Casualty, property claims hit Old Mutual
But strong life assurance sales prop up emerging markets unit
OLD Mutual Emerging Markets (OMEM) is relying on long-term growth in the markets in which it operates to turn around its 5% dip in adjusted operating profit for the six months to June.
The biggest drag came from a 32% decline in OMEM’s property and casualty business unit, which was hit by a R44-million underwriting loss, a drastic change from last year’s R147million profit in the same reporting period.
“The incidence of death claims was in line with expectations, but the value of the claims was higher. We also experienced a higher level of disability claims within our South African corporate business,” said OMEM CEO Ralph Mupita on Thursday.
Profits across the rest of the continent took a 4% knock — also attributable to the property and casualty business.
In Malawi, higher finance costs hit OMEM’s property management business.
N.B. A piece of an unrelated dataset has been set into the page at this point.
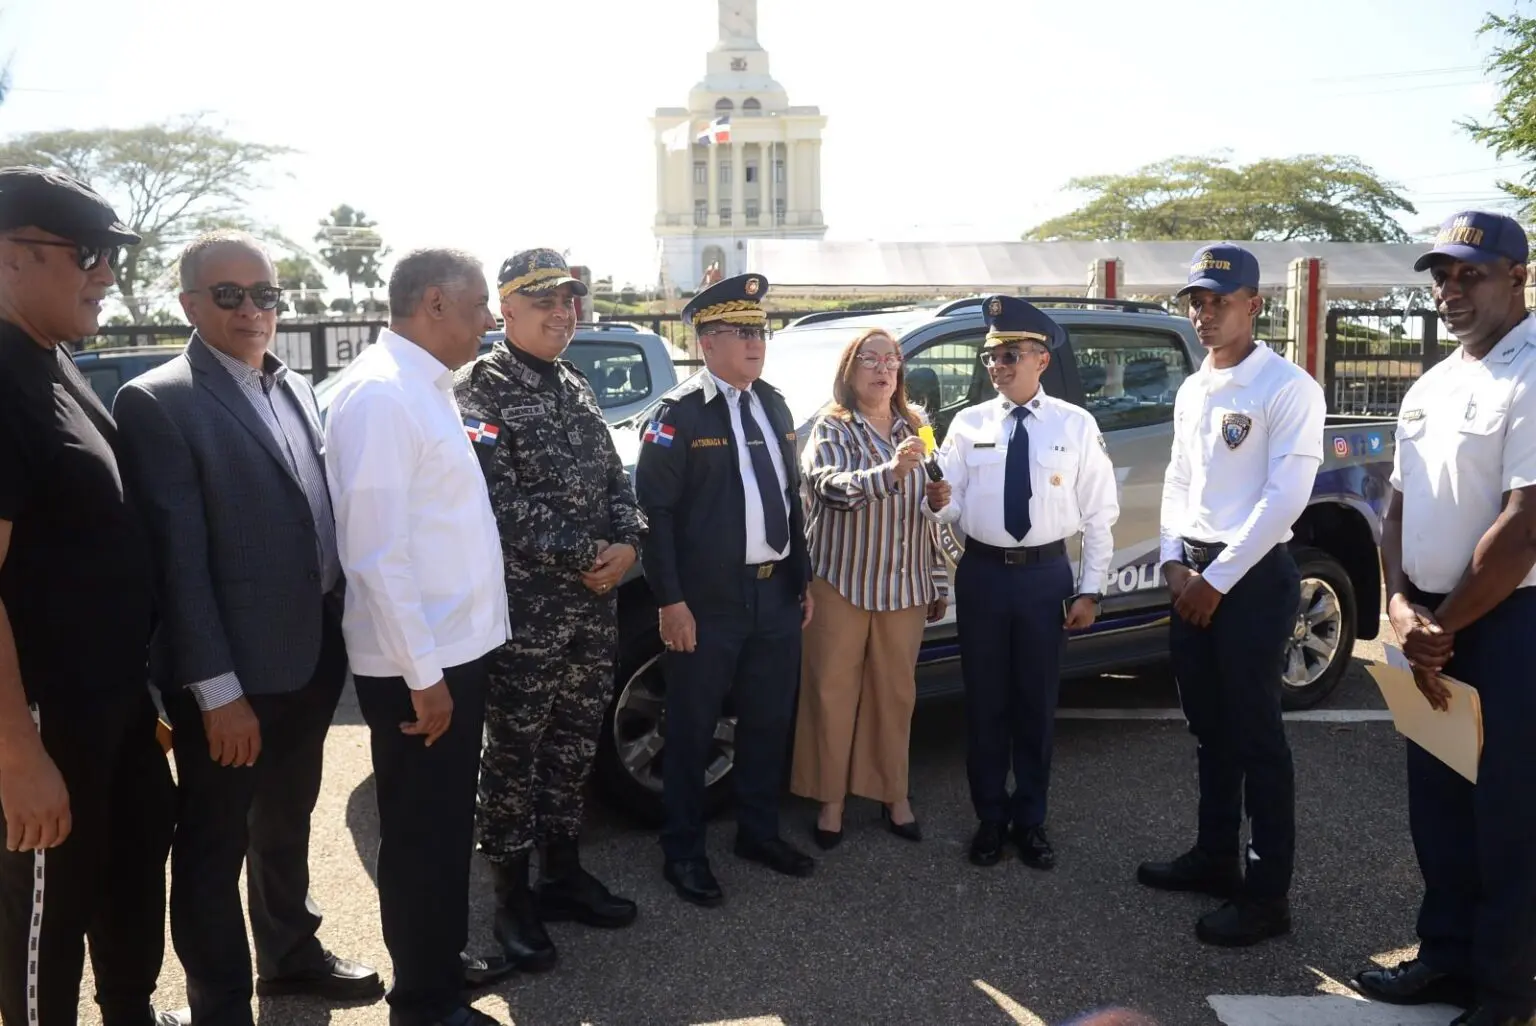 Politur delivers 7 new vehicles to reinforce tourism security in Santiago
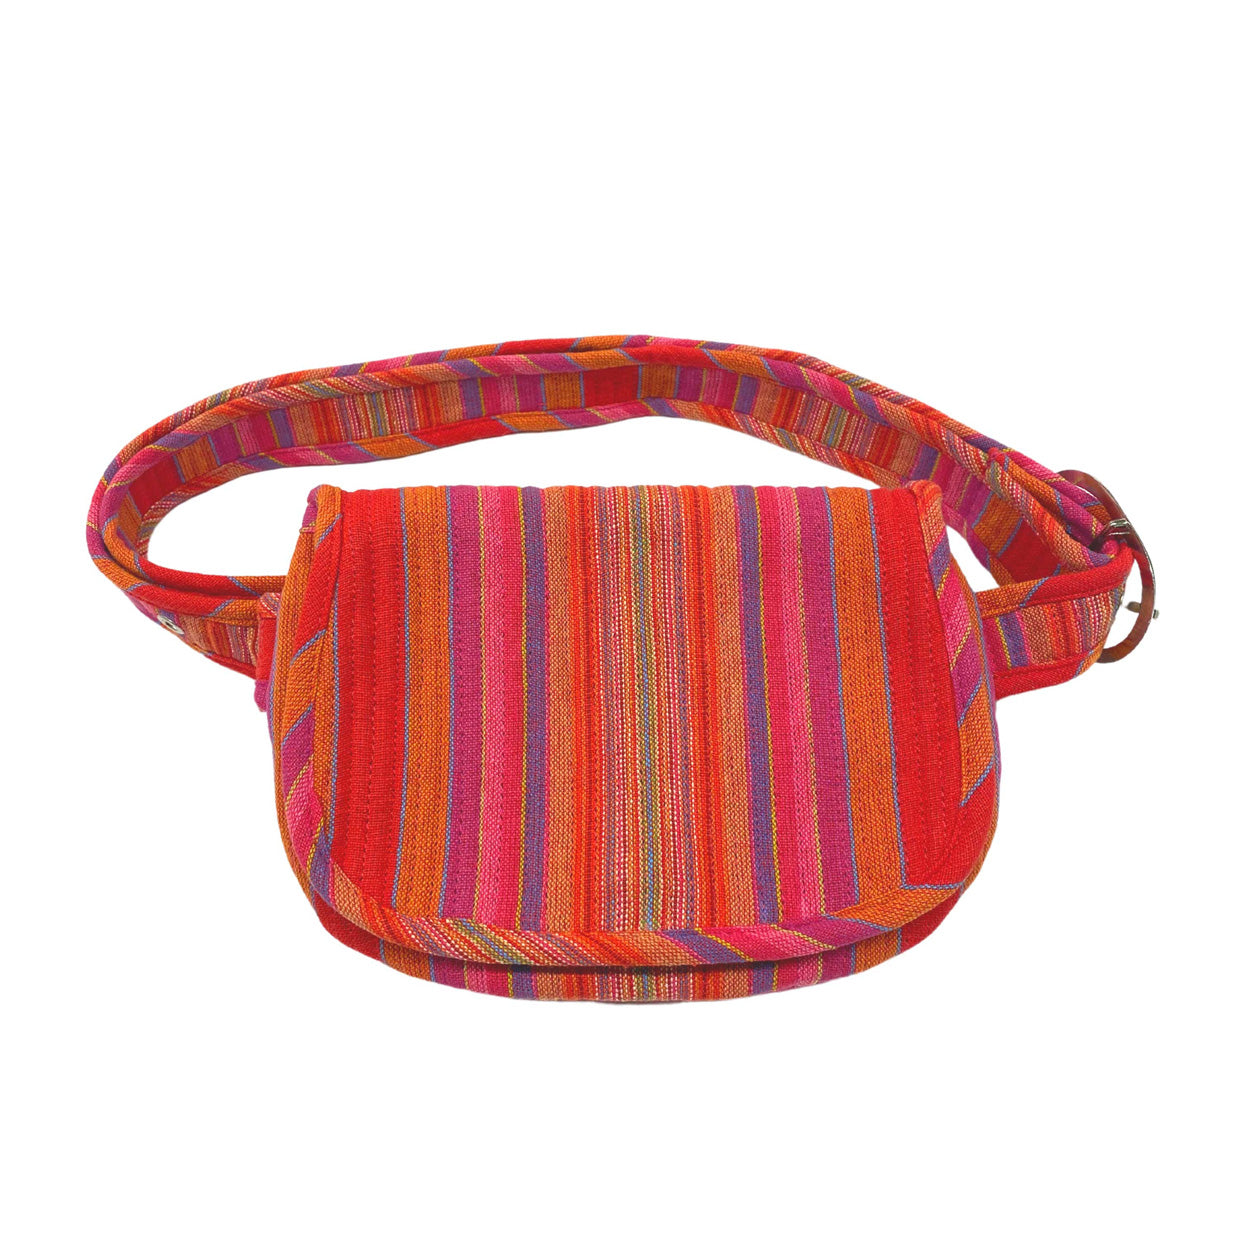 NEW Quilted Koala Belt Bag - Pink Happy Stripe - Quilted Koala

In Kenya it was hit by higher claims, and the Nigerian business also reported an increase in corporate business claims.
However, OMEM’s life assurance cluster showed some improvement.
“The growth in emerging markets life business is one positive to take from the emerging markets segment,” said PSG portfolio manager Adrian Cloete.
OMEM’s emerging markets life business reported 25% growth across markets, with its Latin American business surging 69% due to the inclusion of Colombia’s life sales.
“We had strong life sales in our mass foundation cluster,” said OMEM finance director IainWilliamson.
“Nine percent growth in the current market conditions is really great.”
Adviser productivity also contributed to the growth of the life business in Asia. Sales in India were up 55% compared to the prior year.
“The sales were also driven by the increased distribution footprint from Kotak bank, now that they’re merged with ING Vysya,” said Mupita.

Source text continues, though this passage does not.